На сессиях предыдущей недели Жан-Поль увлекся рассказыванием фантазий, в которых воображал, что он выкапывает «большие черные кратеры» в женских грудях, тема, на которую его вдохновил большой плакат, на котором он ежедневно видел женщину с обнаженными грудями. Центральная тема сопровождалась иной озабоченностью: быстро взглянув на меня перед тем, как броситься на кушетку, Жан-Поль говорил, что видит меня «разбитой» или «физически больной».
Жан-Поль: Вы устали? Если бы вы только знали, как это меня тревожит! Я всегда ужасно боюсь увидеть, что вы выглядите измученной. Я не знаю почему. [Долгая пауза]
Дж.М.: Вы, может быть, помните, что на прошлой неделе вы воображали, что копаете черные кратеры в женских грудях. Могла бы женщина от этого устать или измучиться?
Жан-Поль: Теперь это раздражает меня, потому что в этом нет ничего общего с реальностью. Меня вовсе не интересуют фантазии!
Дж.М.: Вы видите меня истощенной, а однажды описали мое лицо как «сдвинутое». Не могли ли эти впечатления заместить собой какие-то образы или чувства, касающиеся меня?
Жан-Поль: Я иногда «вижу» странные вещи перед тем, как заснуть, и это пугает меня. [Жан-Поль редко запоминает сновидения.]
Дж.М.: Как будто и здесь тоже вы могли бы «увидеть странные вещи», чтобы избежать фантазий или не позволить себе вообразить что-то, похожее на сон? Может быть, раз вы отказываетесь позволять себе такие мысли, они появляются перед вами, как реальные восприятия?

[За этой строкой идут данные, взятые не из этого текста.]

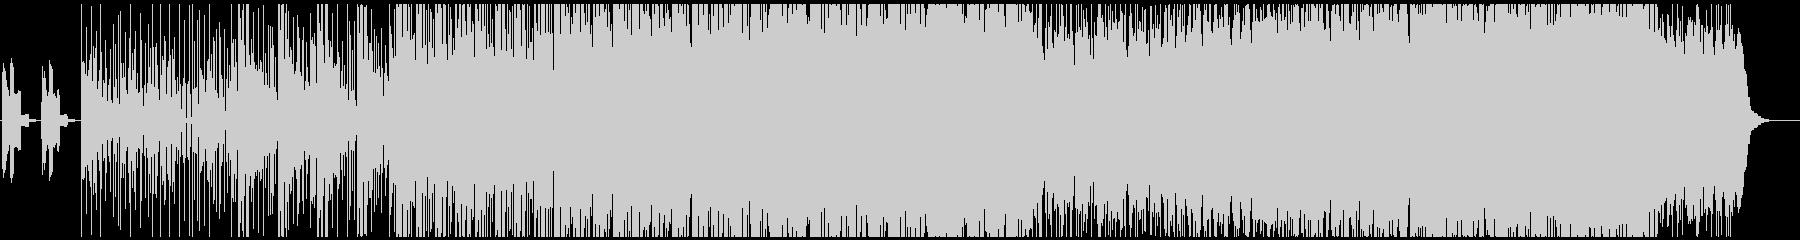 映像制作 ダウンヒル スポーツ 山 急斜の未再生の波形
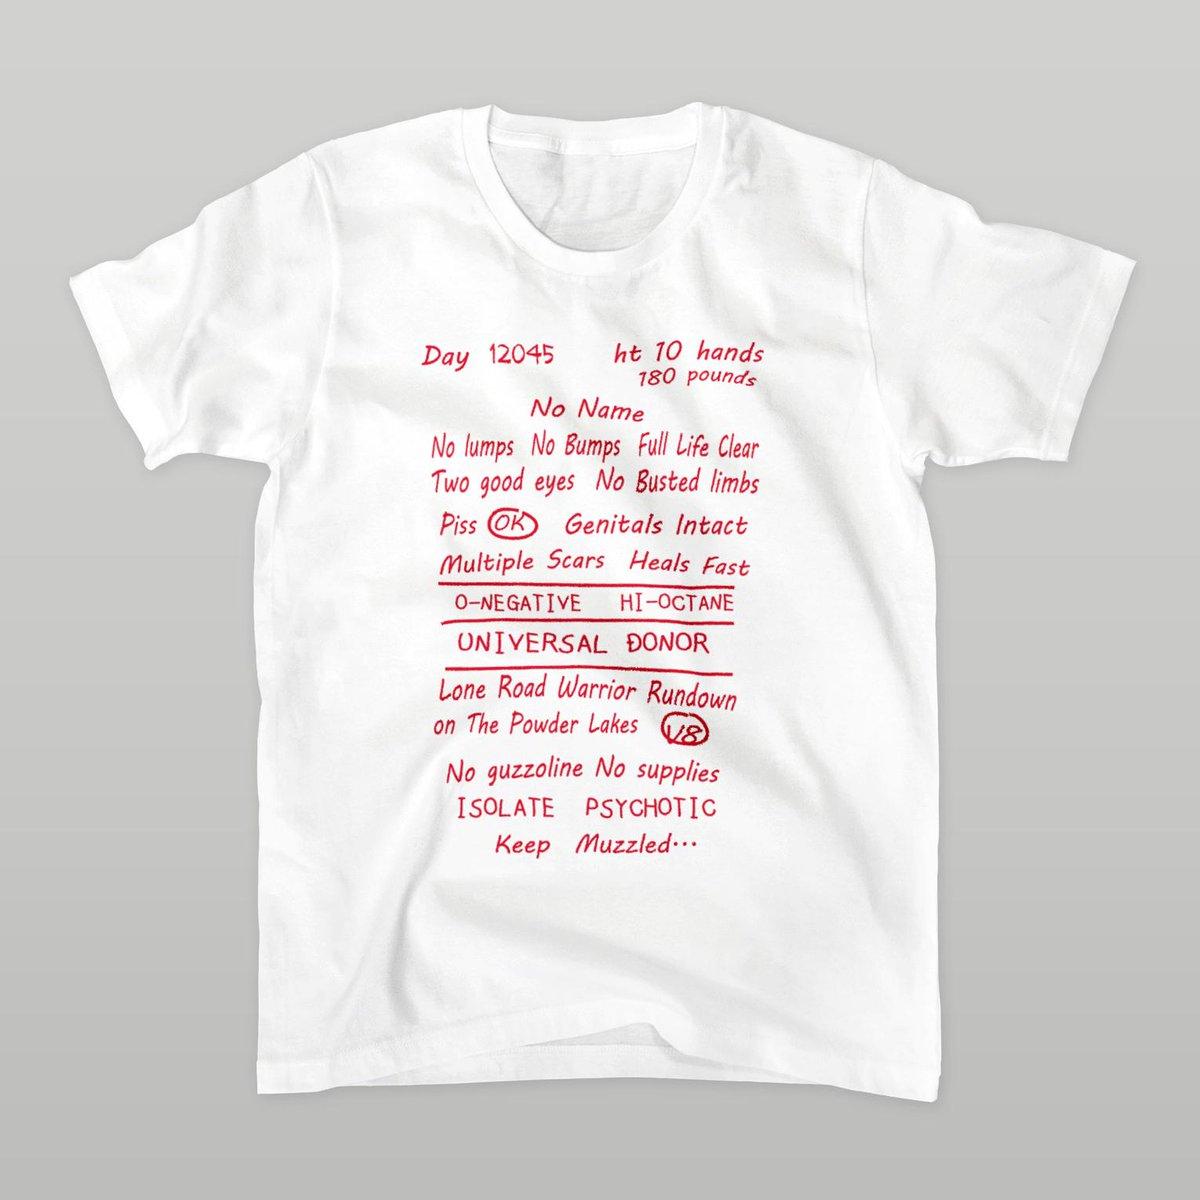 輸血袋Tシャツ販売します。  https://t.co/AmYYa5BFqD http://t.co/yEZ34Aj93y

Жан-Поль: Но у меня есть все причины душить мои сумасшедшие идеи. Они приводят меня в гораздо большую панику, чем странные вещи, которые я воображаю, что вижу. Мои мысли правда ужасны!... Но что-то важное изменилось. Теперь я могу смотреть людям в глаза, и я больше не боюсь, что и они посмотрят на меня. Это все еще беспокоит меня, потому что я вижу их всех разбитыми, почти все время, но это больше не расстраивает меня, как раньше. Таким образом, если они так выглядят... [долгая пауза]... или это я делаю так, чтобы они так выглядели?